While you may look at all of the expenses related to owning a home, lenders will look at slightly different criteria, known as qualifying ratios. Basically, they want to know what percentage of your income you will be spending on monthly payment.

The front-end ratio, or front ratio, compares your monthly pre-tax income with your house payment. Most lenders want to see a front-end ratio of 28 or lower; this means you’ll spend no more than 28 percent of your monthly gross on your mortgage.

The other ratio that lenders look at is the back-end ratio, or back ratio. This calculates how much of your pre-tax income will go toward your house payment, plus all of your other monthly debt payments—such as auto loans, credit cards, etc.

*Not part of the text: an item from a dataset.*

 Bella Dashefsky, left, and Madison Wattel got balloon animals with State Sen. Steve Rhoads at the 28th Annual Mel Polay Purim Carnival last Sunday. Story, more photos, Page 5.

Not so long ago, a back-end ratio of 36 was the limit, but lenders have loosened their restrictions on this number somewhat.

It can be useful to figure out these numbers yourself and see if the house payment you have in mind may actually cause you undue financial risk.

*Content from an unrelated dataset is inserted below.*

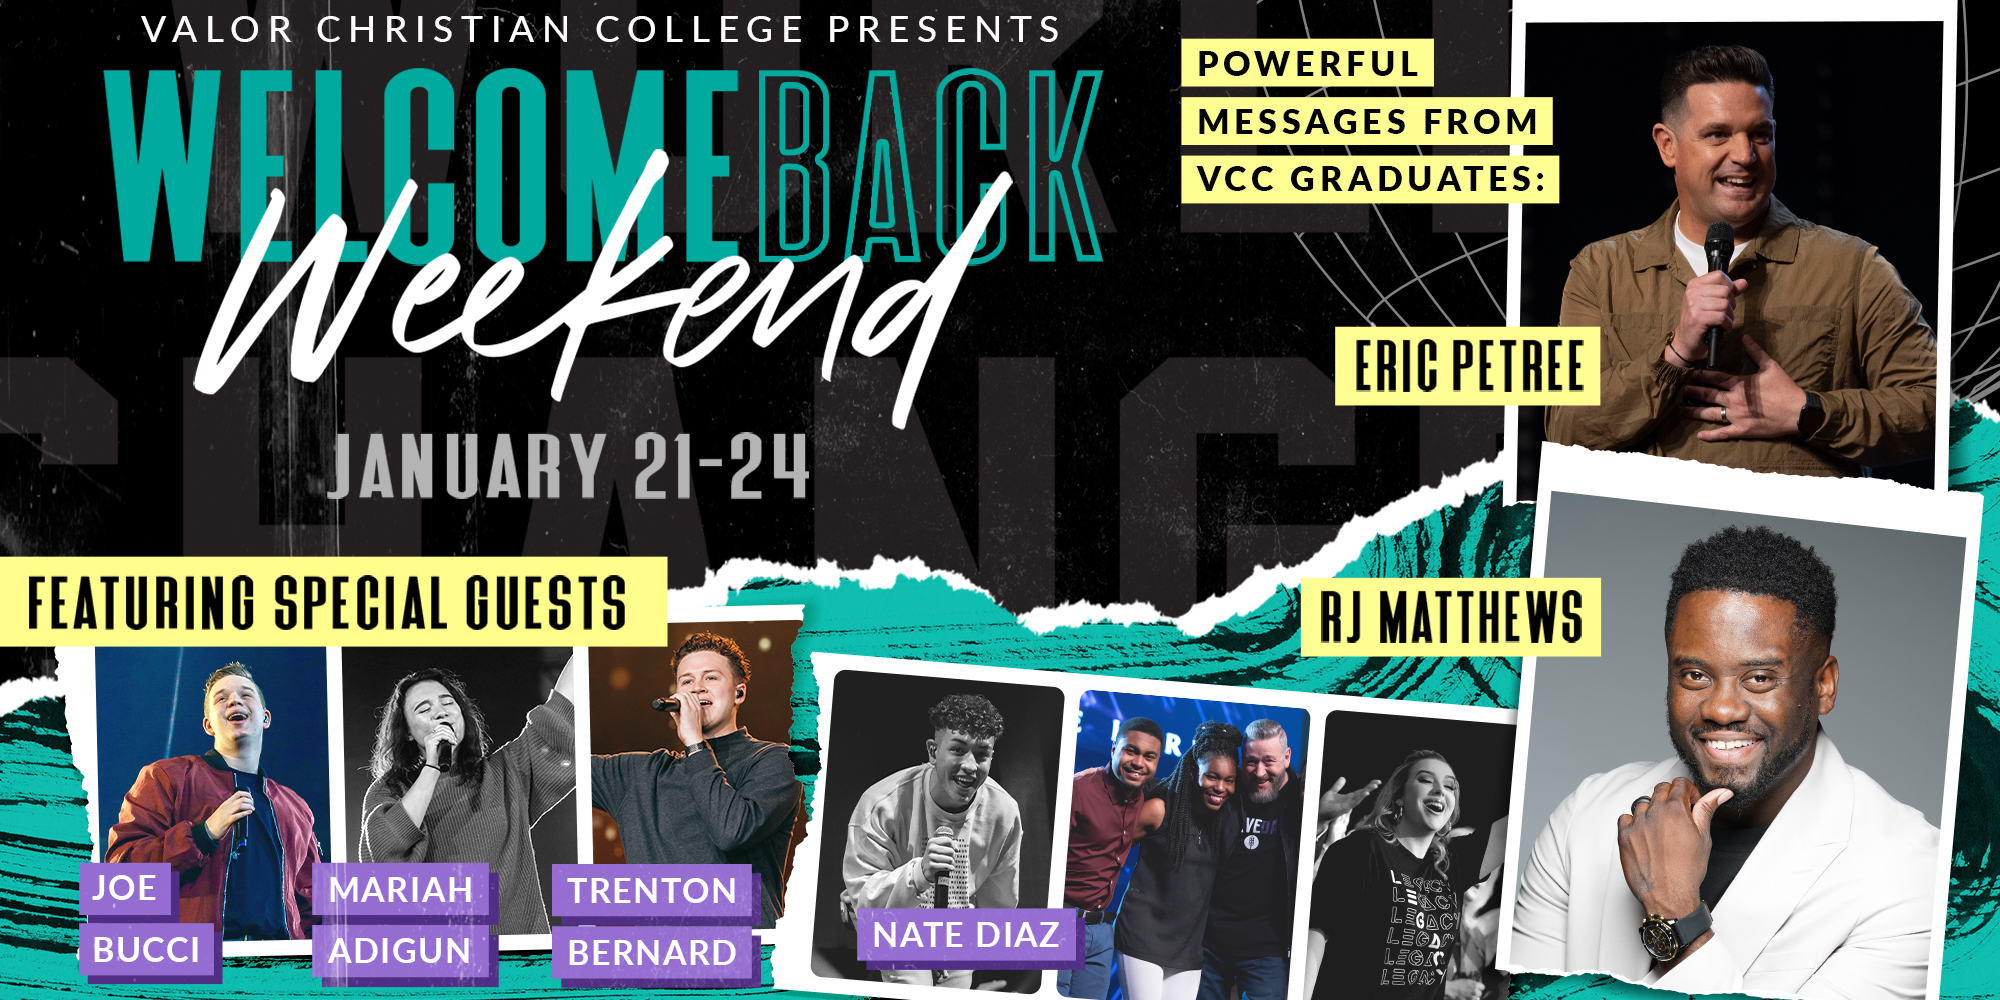 Valor Christian College Presents WelcomeBack Weekend January 21-24 Powerful Messages from VCC Graduates: Eric Petree and Rj Matthews Featuring Special Guests Joe Bucci, Mariah Adigun, Trenton Bernard, and Nate Diaz.

You will definitely want to contact more than one potential lender, so you can compare interest rates and all the other terms associated with a loan.

To get started, you may want to research mortgages through:

  • your bank or credit union;
  • any of the thousands of other banks that offer mortgages;
  • on-line lenders; and
  • mortgage brokers.

Many consumers choose to shop through a mortgage broker, because brokers have access to loans from a range of banks.

Rather than dealing with each bank yourself, you can save time and effort—and reduce the number of inquiries that show up on your credit report—by filling out one application with a mortgage broker. A good broker will find you the best deal, given the property, your preferences and your credit score.

The broker makes his money by adding a broker premium to the cost of the loan, which he gets at a discounted rate. It’s essentially like buying anything at retail: The broker gets the loan at wholesale, then marks it up before selling it to you.

Whether you meet with your bank or a mortgage broker or go through an on-line lending service, your goal remains the same: to get a pre-approval letter before you start house hunting.

The pre-approval letter estimates how much you will be able to borrow, based on current interest rates and a quick look at your credit history. In some markets, where homes are selling quickly, your real estate agent may refuse to write an offer for you if you aren’t at least pre-qualified by a lender.

A pre-qualification letter is similar to pre-approval letter, but a “pre-qual” is nonbinding. If you’re buying in a hot real estate market, a pre-approval letter is better…and may be necessary.